True Friendship

by Saint Francis de Sales

Bishop of Geneva (1567—1622)

Love everyone with a deep love based on charity, Philothea, but form friendships only with those who can share virtuous things with you. The higher the virtues you share and exchange with others, the more perfect your friendship will be. If this participation is in matters of knowledge, the resulting friendship is certainly praiseworthy. It is still more so if you have virtues in common, namely, prudence, temperance, fortitude, and justice. If your mutual and reciprocal exchanges concern charity, devotion, and Christian perfection, O God, how precious this friendship will be! It will be excellent because it comes from God, excellent because it leads to God, excellent because its bond will endure eternally in God. How good it is to love here on earth as they love in heaven, and to learn to cherish one another in this world as we shall do eternally in the next!

Here I do not refer to the simple love of charity we must have for all men, but of that spiritual friendship by which two, three, or more souls share with one another their devotion and spiritual affections, and establish a single spirit among themselves. Such fortunate souls may justly sing, "Behold how good and pleasant it is for brothers to dwell together in unity." (Ps. 132). Yes, for the delicious balm of devotion is distilled from one heart into another by such unbroken participation, that it may be said that God on this friendship has poured down "his blessing and life forevermore." (Ps. 132) I hold that all other friendships are mere shadows in comparison with this, and that their bonds are but chains of glass or jet, when compared to this bond of holy devotion, for it is made entirely of gold. Do not form any kind of friendship except this. I refer to friendships you must make for yourselves, for you must not give up or neglect friendships that nature or earlier duties oblige you to cultivate with parents, kindred, benefactors, neighbors and others. I refer here only to those you yourself choose.

No one will deny that our Lord loved St. John, Lazarus, Martha and Mary Magdalen with a very sweet and special friendship, for the Scriptures tell us so. (Jn. 13, 23) We know that St. Peter tenderly cherished St. Mark and St. Petronilla, just as St. Paul did Timothy and St. Tecla. In many places St. Gregory Nazianzen boasts of his incomparable friendship with the great St. Basil, and describes it in this way: "It seemed that in us there was only a single soul dwelling in two bodies. We had each of us only one purpose, to cultivate virtue and to adapt all the purposes of our life to our future hopes, in this way leaving mortal earth before we died in it."

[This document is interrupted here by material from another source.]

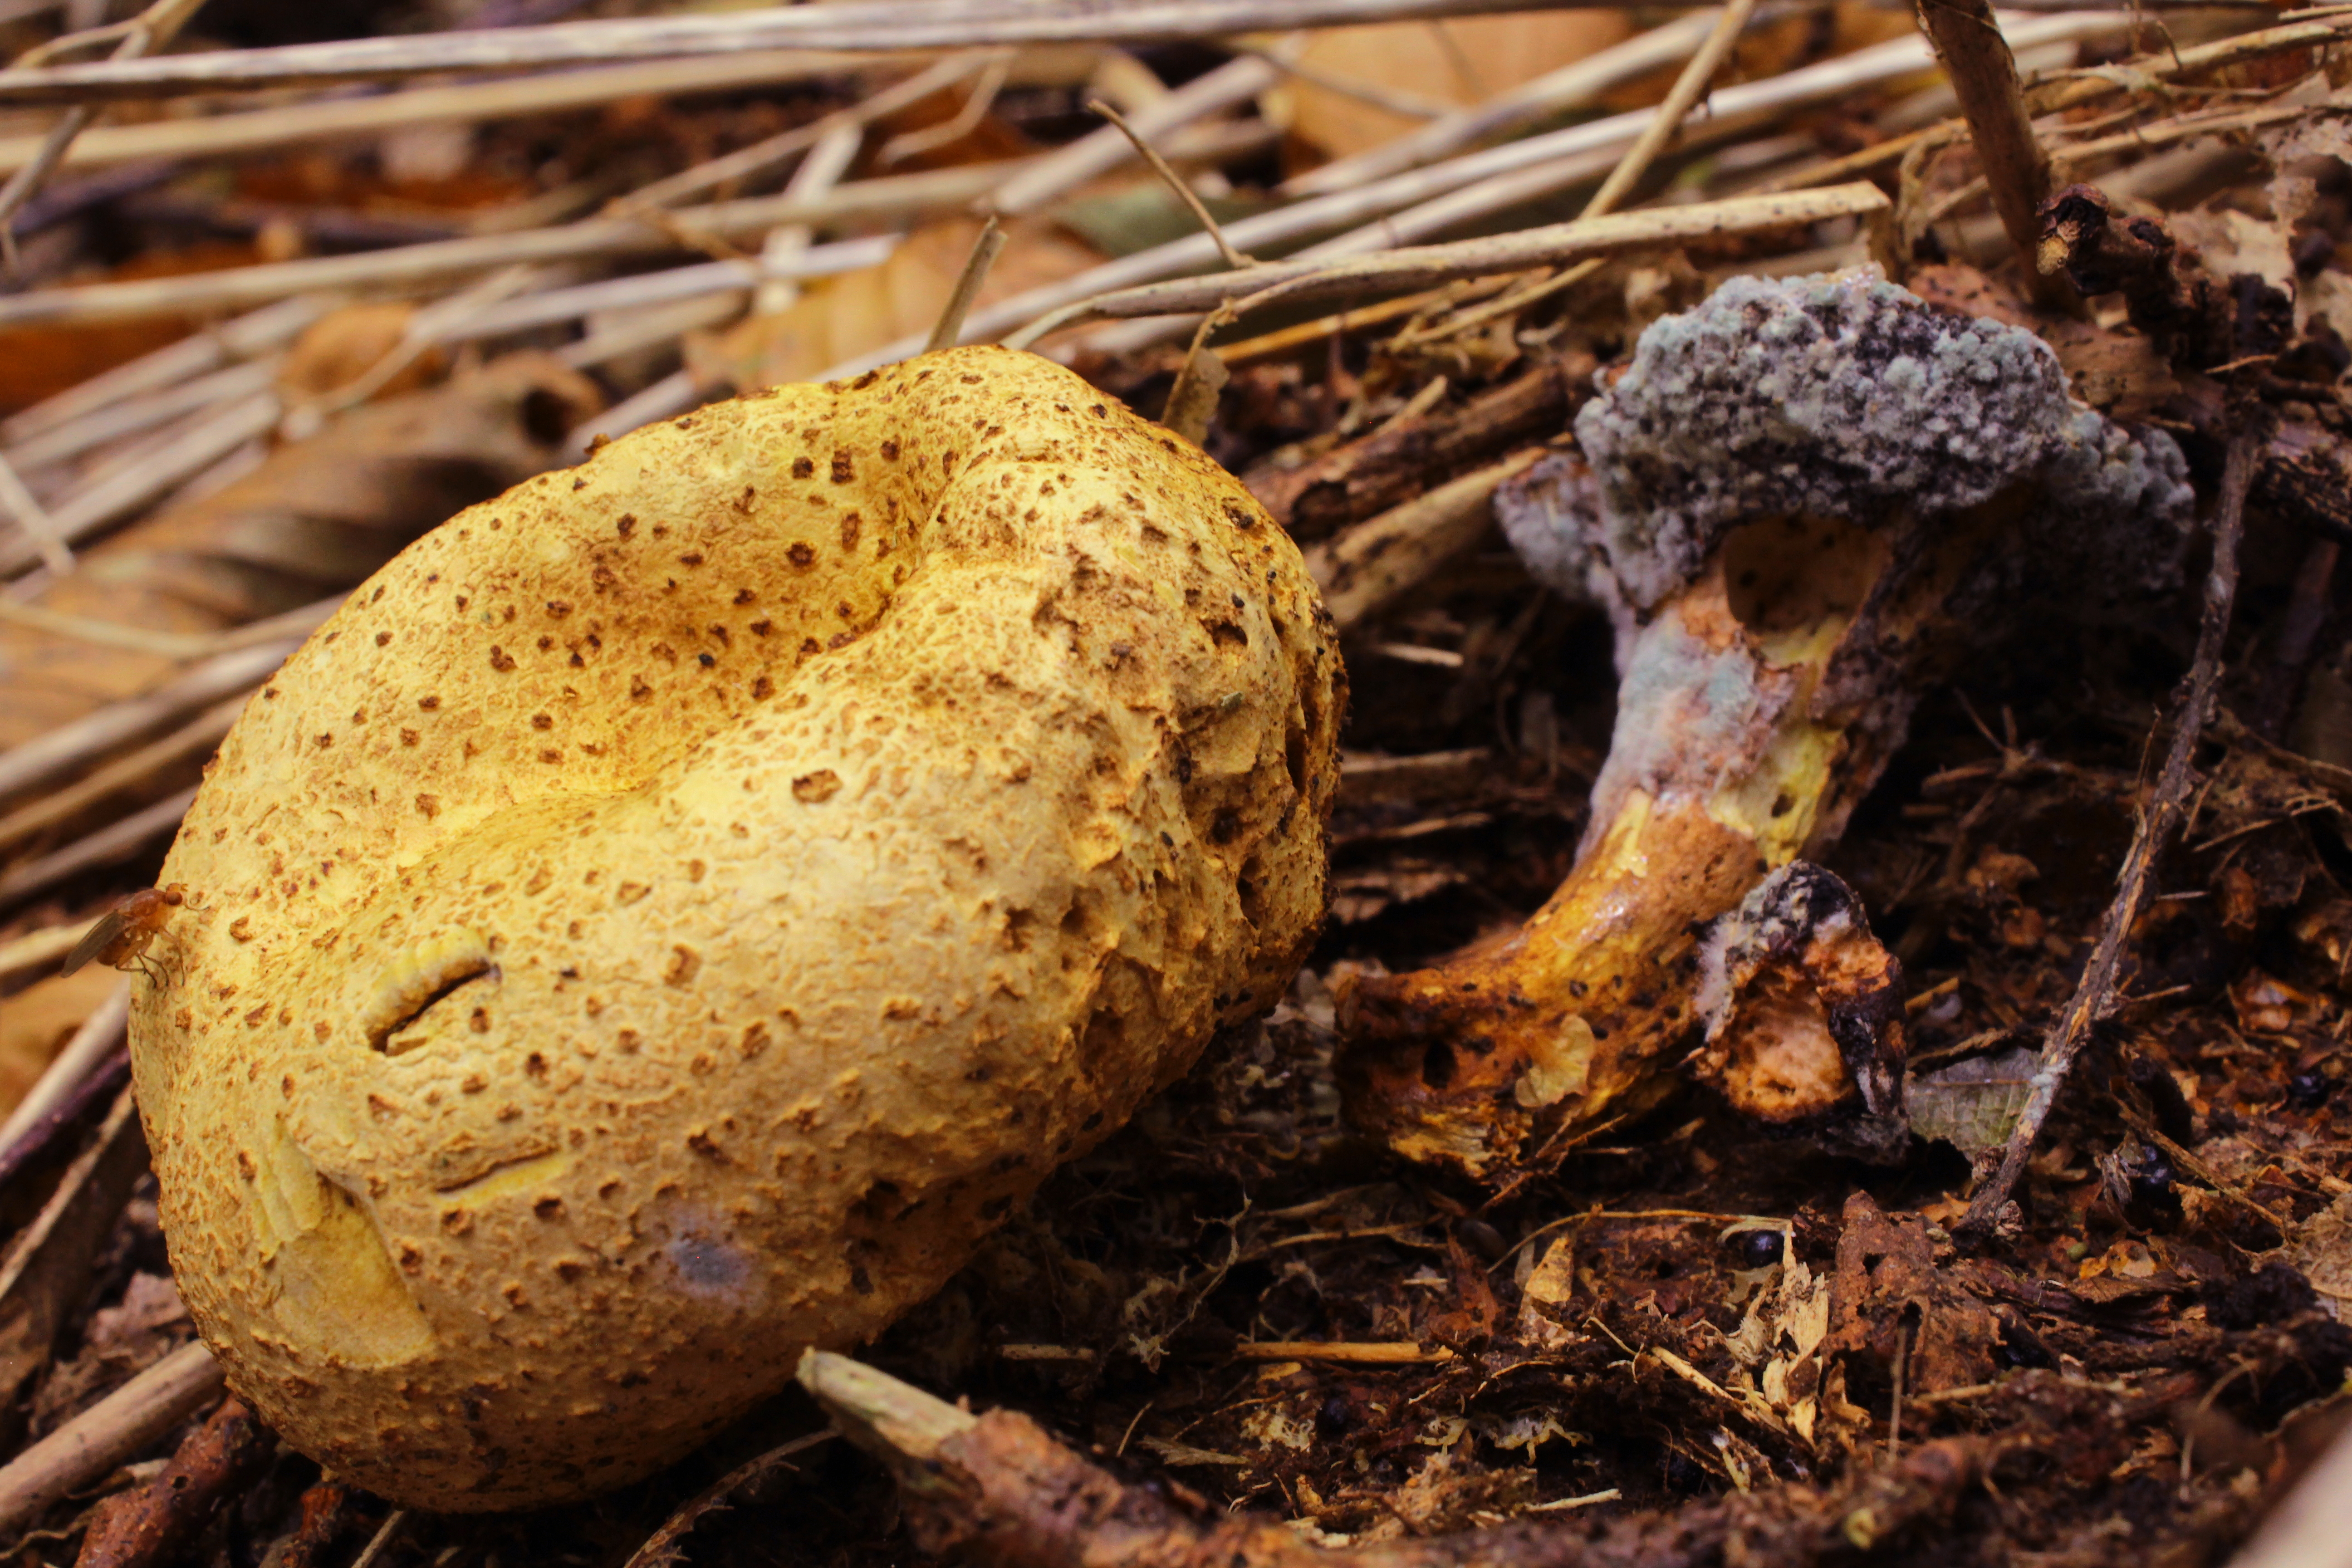 Common Earthball parasitised by a Parasitic Bolete that in turn is playing host to an unidentifiable fungal mould demonstrating the inter-relations of the fungi kingdom

St. Augustine testifies that St. Ambrose loved St. Monica solely for the rare virtue he saw in her, and that she in turn loved him as an angel of God. I am wrong in detaining you so long on so obvious a subject. St. Jerome, St. Augustine, St. Bernard, and all the greatest servants of God have had very particular friendships, without doing any harm to their perfection. When condemning the disorders of the pagans, St. Paul accuses them of being people "without affection," (Rom. 1, 31), that is, they had no true friendships. Together with all good philosophers, St. Thomas states that friendship is a virtue. He speaks of "particular friendship" since, as he says, "perfect friendship cannot be extended to a great many persons." Hence perfection consists not in having no friendships, but in having only those which are good, holy, and sacred.